Edit: we'll allow up to 1 minute of time per question.
Possible clarification from creator (AI generated):
Model must complete each question within 1 minute of wall-clock time
New research from Meta describing "Memory Layers" which resemble both attention / a vector DB to keys in the model's latent space.
https://ai.meta.com/research/publications/memory-layers-at-scale/
I think it's quite clear that active params will end up being a smaller and smaller proportion of a model's data (MoEs were only the beginning of this), with most parameters used very sparsely in the same vein as associative memory. My sense is that techniques like these don't count under this question's resolution criteria (since they're trained parameters), but they do point to the same principle.
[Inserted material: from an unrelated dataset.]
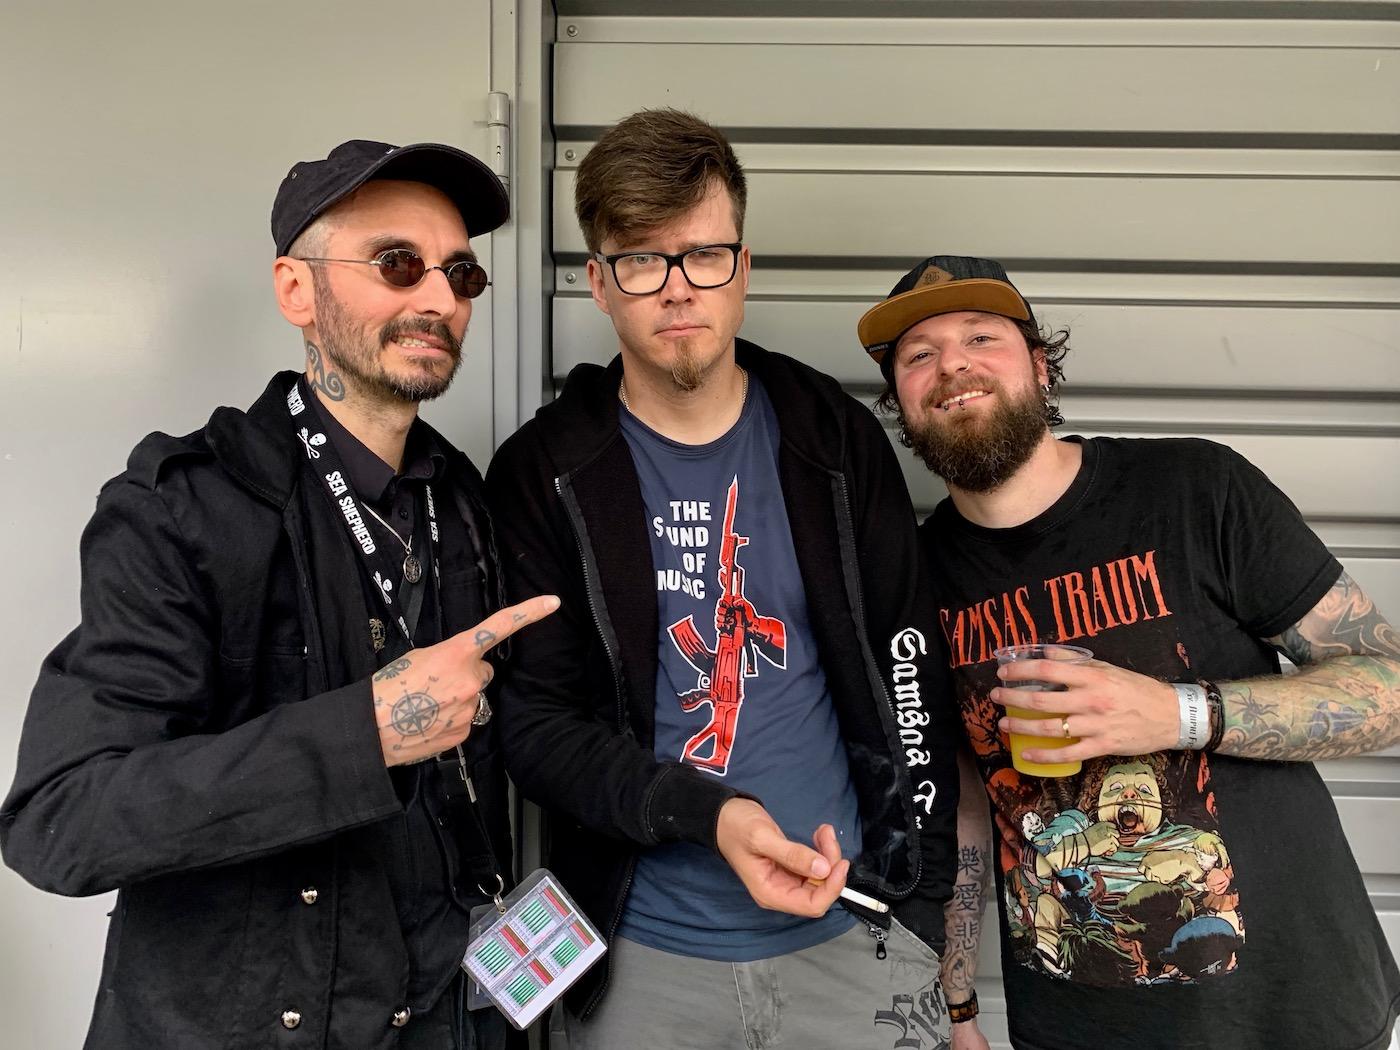 mark_benecke_amphi_festival_koeln_2019 - 40.jpg
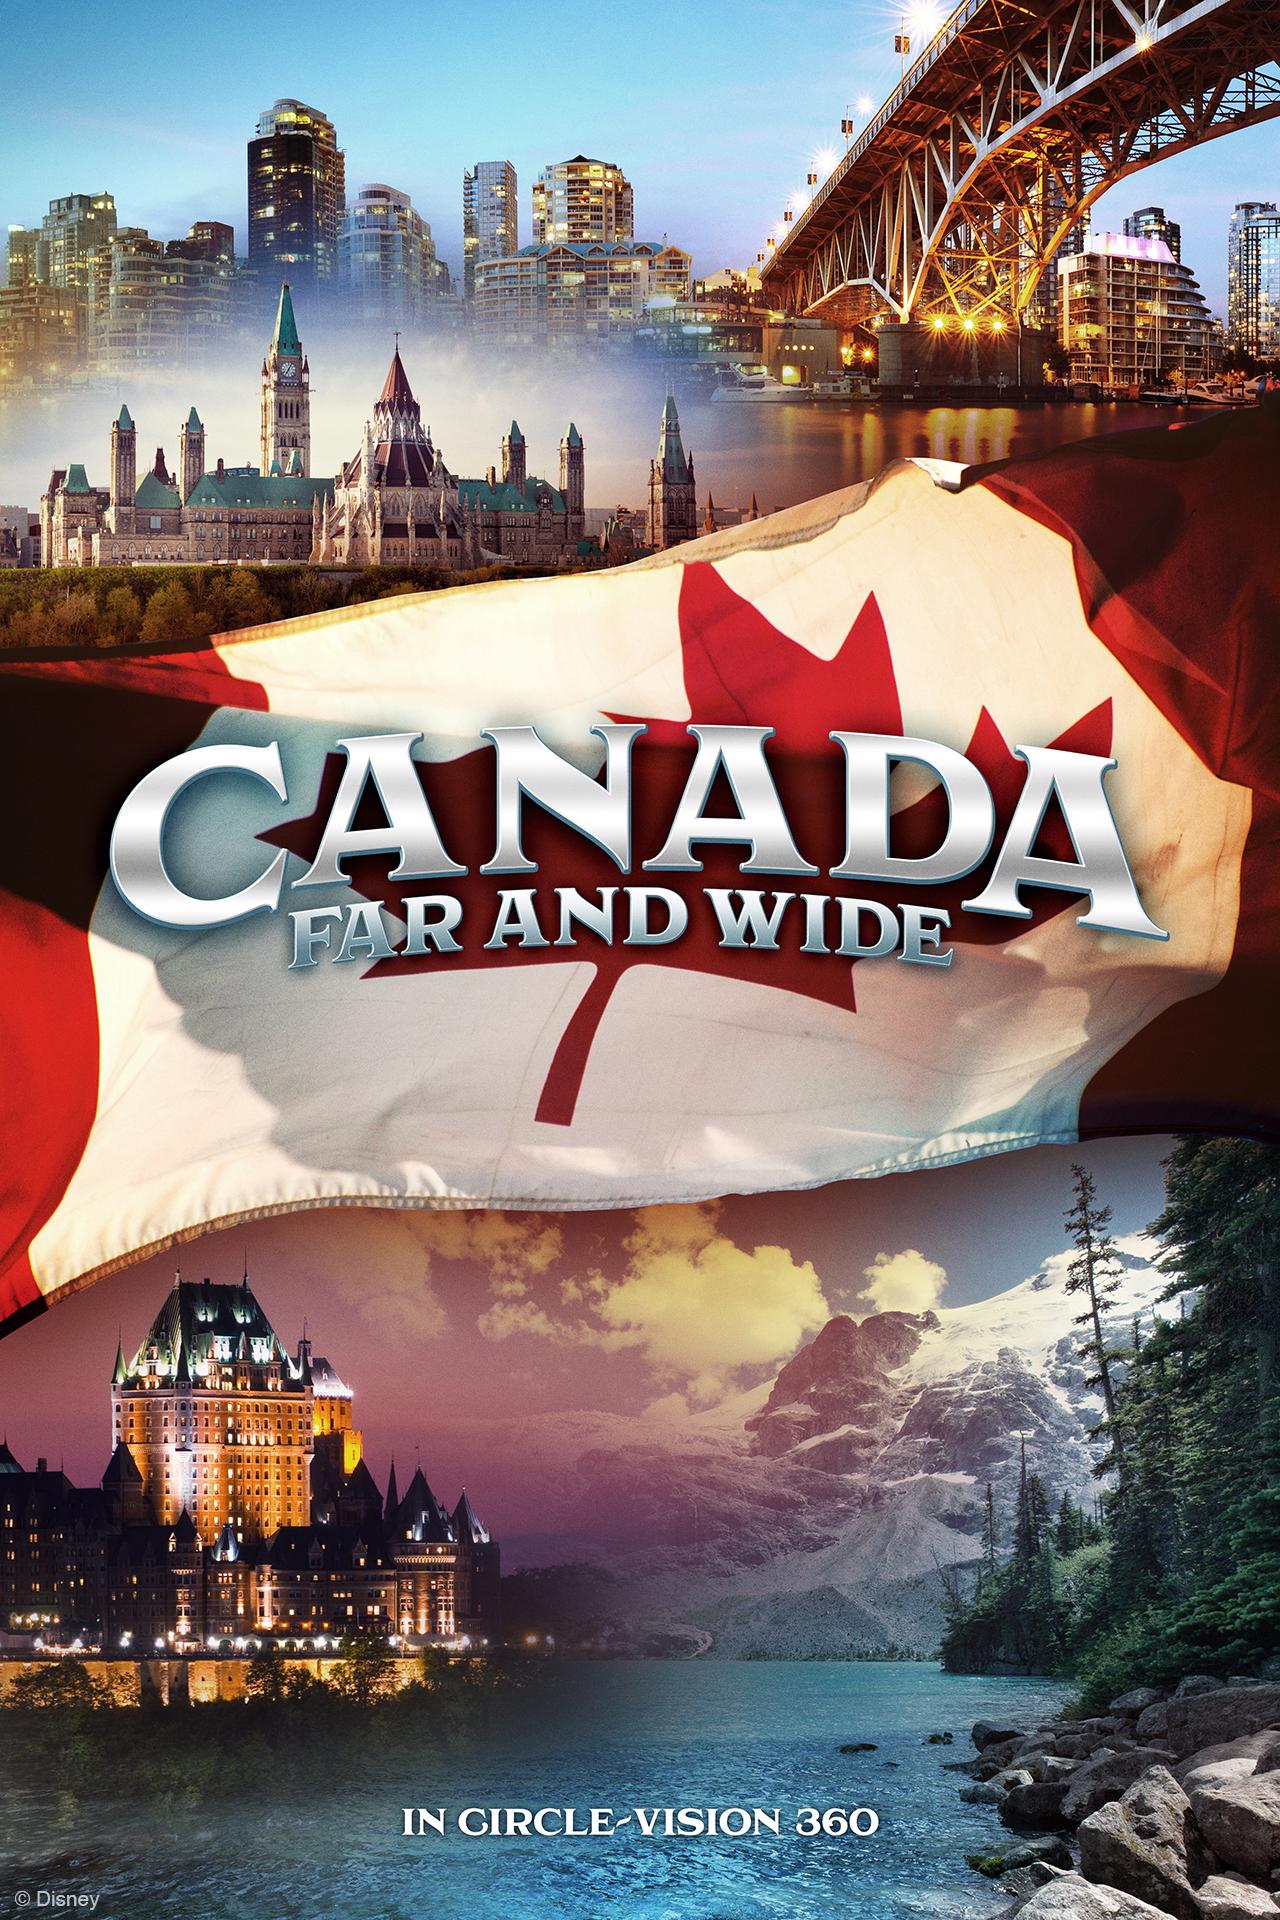 Canada Epcot updates

I didn't explicitly mention wall-clock time, but I said "Arbitrary scaffolding allowed" so unless anyone objects I'll add "Must use below X minutes of wall-clock per question". I am conflicted between 1 minute (upper bound on how long users would be willing to wait) and something higher since the spirit of this question is upper-bound-y.
@JacobPfau Added 1 minute cap. Since we're talking about 10b models on arbitrarily optimized hardware, this isn't much of a constraint. I expect that'l allow >100k tokens/question.
@JoeBoyle I don't think I ought to share it. No point giving up so much alpha while prices for downstream markets remain this good.
@JoeBoyle Sorry that I'll have to wait, but here's this to keep me honest: de3be1f4472c9adb4a479b97d140d6615b7189536d8916d52c5426aa0291fd28
I may consider sharing by April or so.
@JacobPfau I'm also happy to bet YES on a "before 2027" version of this market.
@AdamK Yea given qwen/o1 progress I agree that 2027 is possible. I've made a question here https://manifold.markets/JacobPfau/is-scale-unnecessary-for-intelligen?play=true
Do current larger models reach those scores? Or is improvement AND compression currently necessary?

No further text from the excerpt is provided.